1. Roses generally do better with good air circulation. Therefore, make sure they are not crowded by mixed plantings from near by or by excess dead wood or canes within the bush or vine itself.

2. While pruning your rosebushes, trim or snip back shoots or branches closing in on the bushes. Roses need space to be healthy.

3. Cut hybrid teas, grandifloras, and floribundas back by one third to one half. This produces fewer but larger flowers on long stems for cutting and adding to your spring floral arrangements.

4. Old garden roses, shrub roses, miniatures and repeat blooming climbers can be cut to the personal taste of the gardener. Prune only to control their size and produce a pleasing, balanced shape.

5. Do not fertilize till the end of the month. If you’ve used your rich, home-grown compost and covered the roots well with several inches of shredded leaves, you don’t need to fertilize with anything else extra.
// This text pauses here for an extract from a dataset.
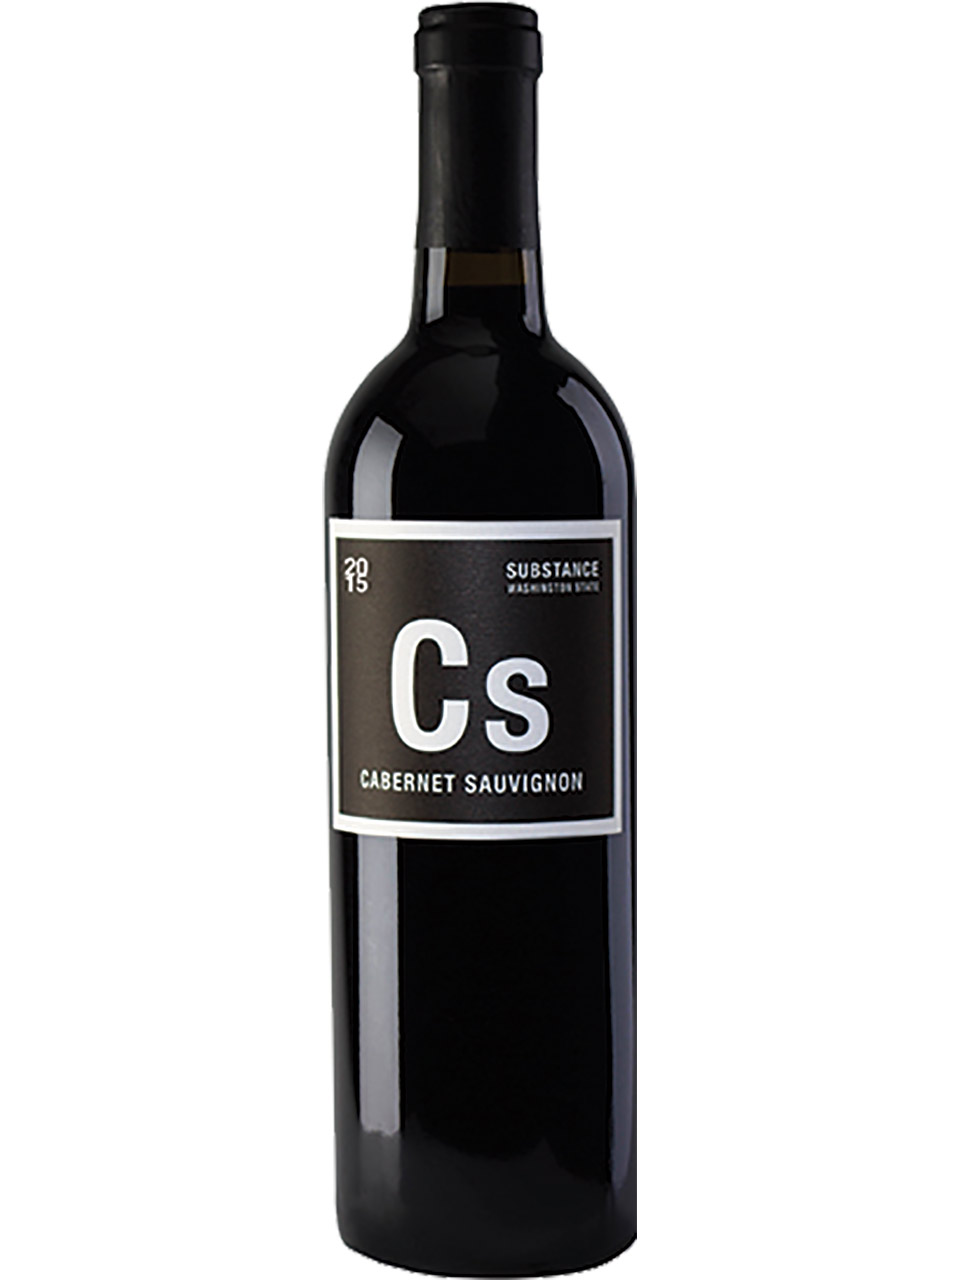 Charles Smith Wine of Substance Cabernet Sauvignon

6. If your roses have blackspot, collect and dispose of the leaves in your green dumpster, NOT in the compost pile! Don’t allow the yellowed fallen leaves to remain on the ground. Continue this sanitary practice throughout the growing season.

Sit back and watch the grand display of blooms just around the corner!

Have your roses recovered from the blight that has spread through Texas these last few years?

But I linger to prayerfully say . . . bring roses and lilies and summer and shine while the fire is talking of snow.